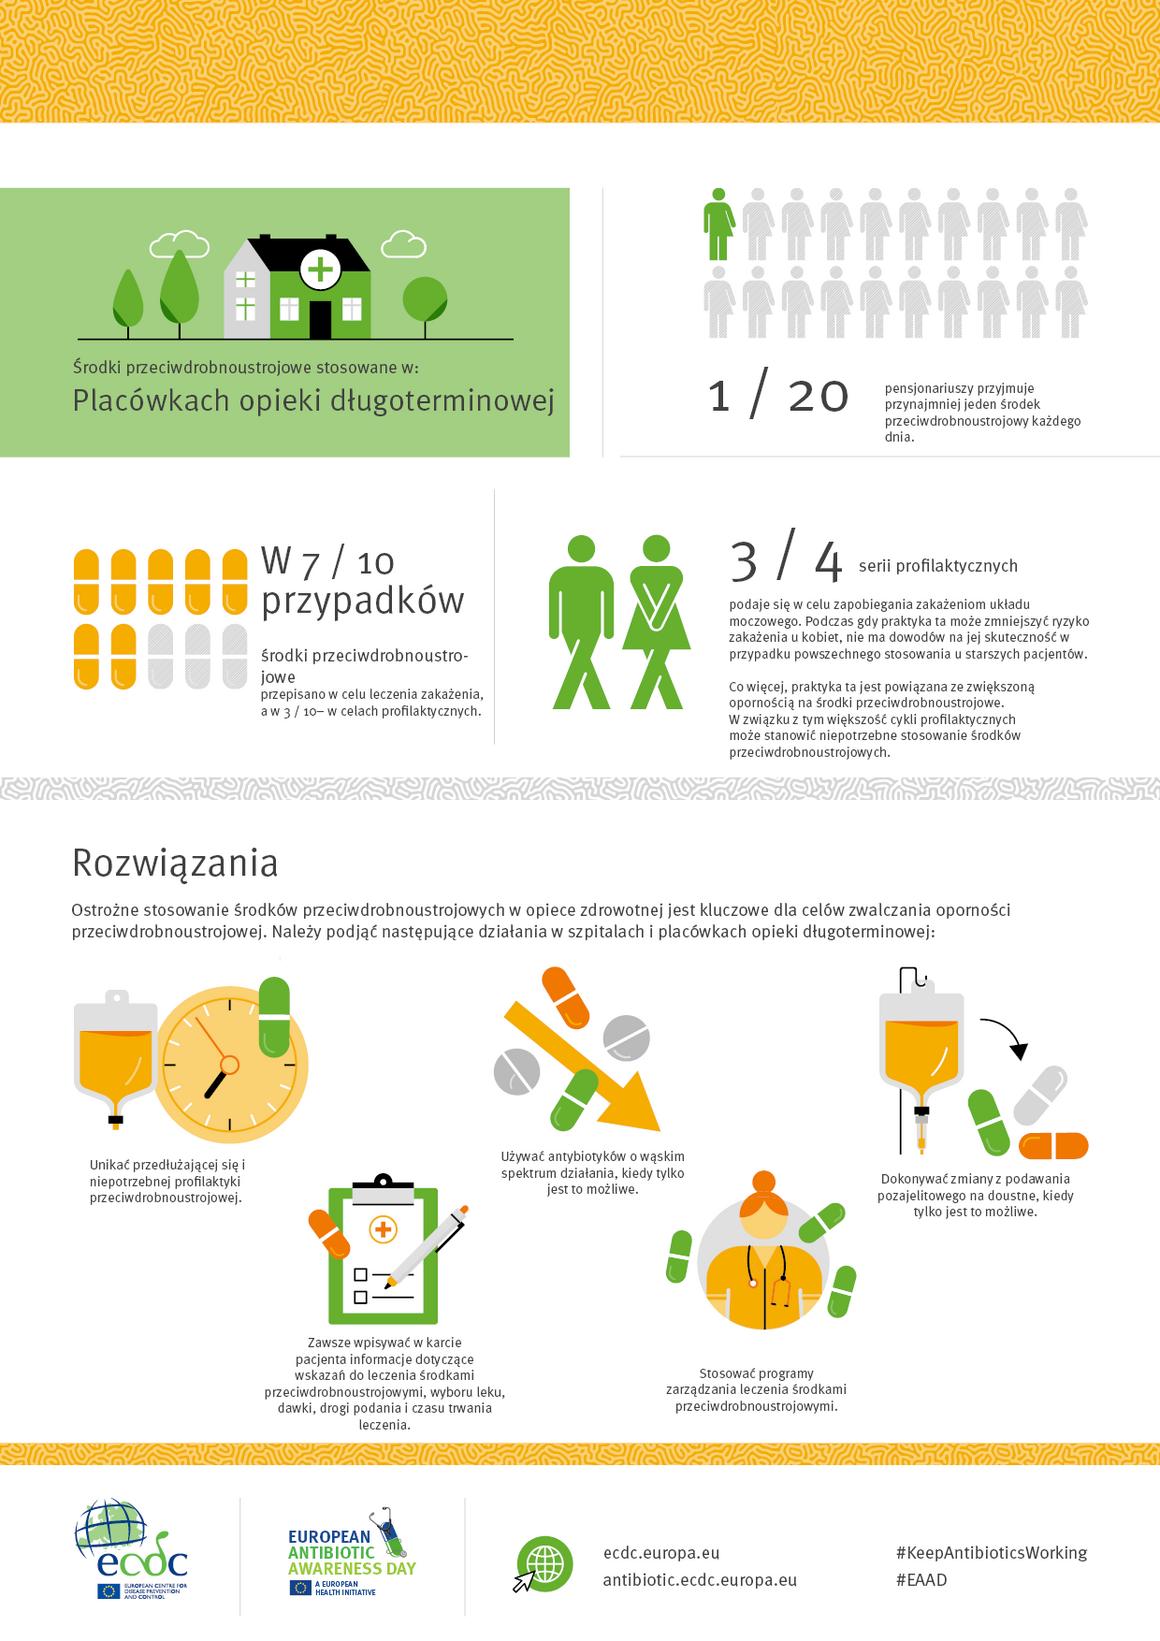 Środki przeciwdrobnoustrojowe stosowane w: Placówkach opieki długoterminowej
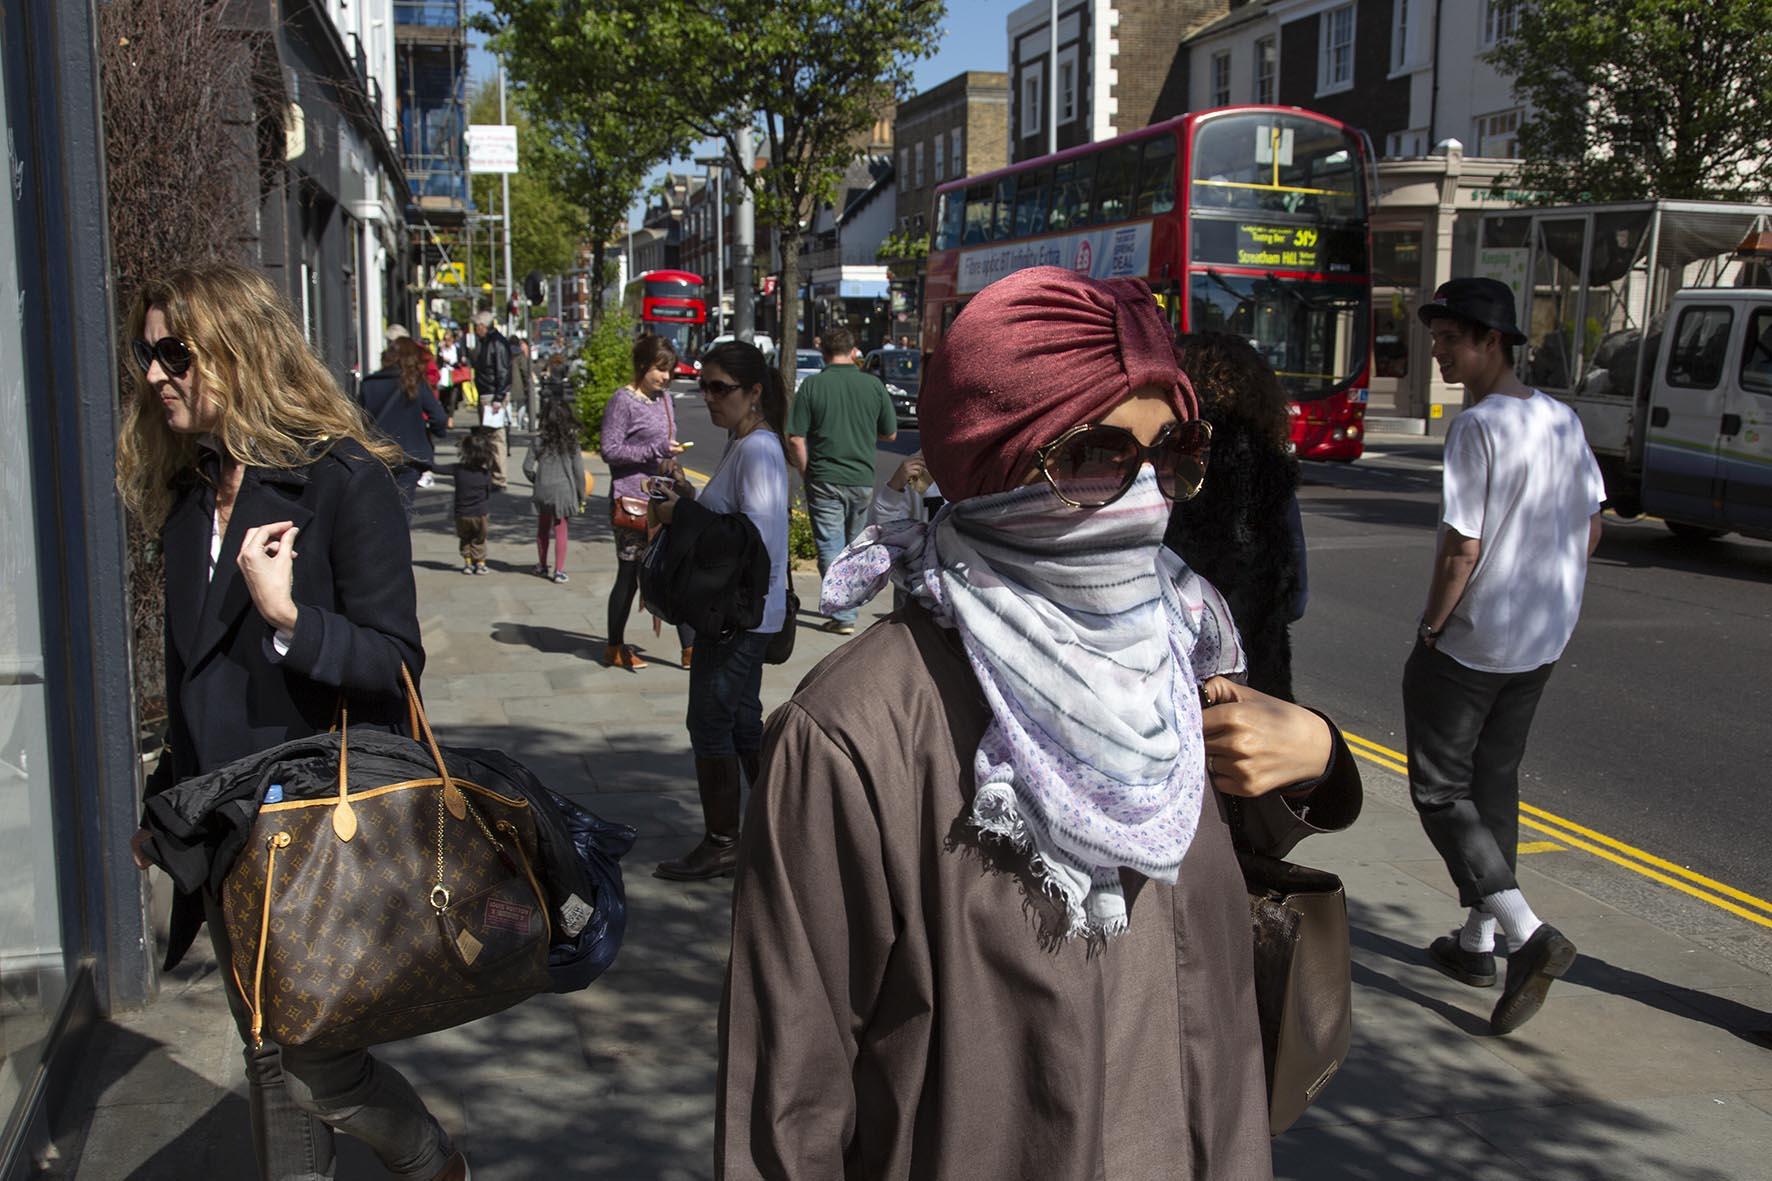 20140416_west london wealth chelsea kings road_C_crop.jpg
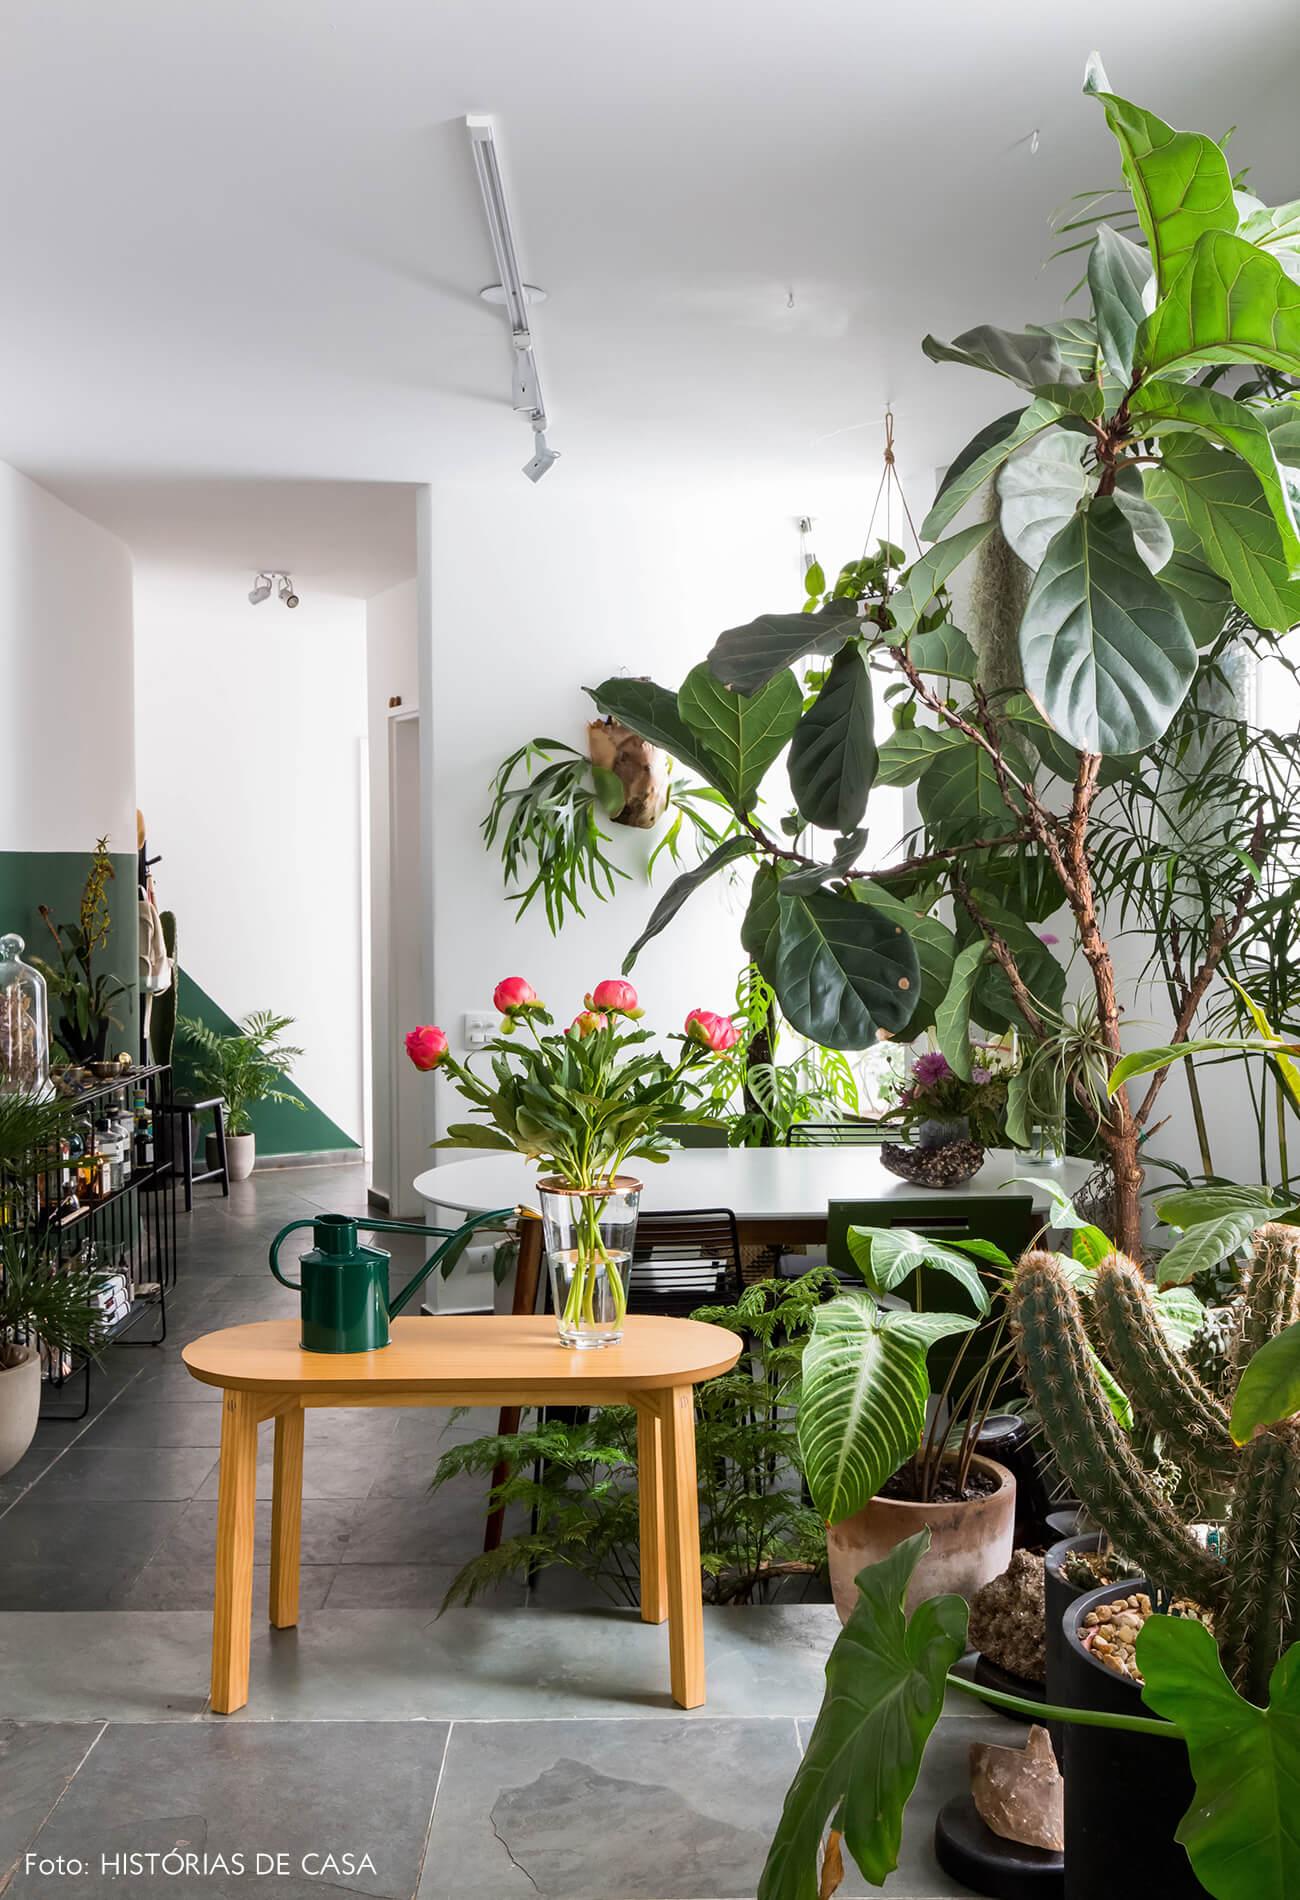 Sala com muitas plantas e banquinho de madeira
#####
**Your task**. Please transcribe each line above exactly, but leave the images out.

**Answer box**.
 Środki przeciwdrobnoustrojowe stosowane w: Placówkach opieki długoterminowej
 20140416_west london wealth chelsea kings road_C_crop.jpg
 Sala com muitas plantas e banquinho de madeira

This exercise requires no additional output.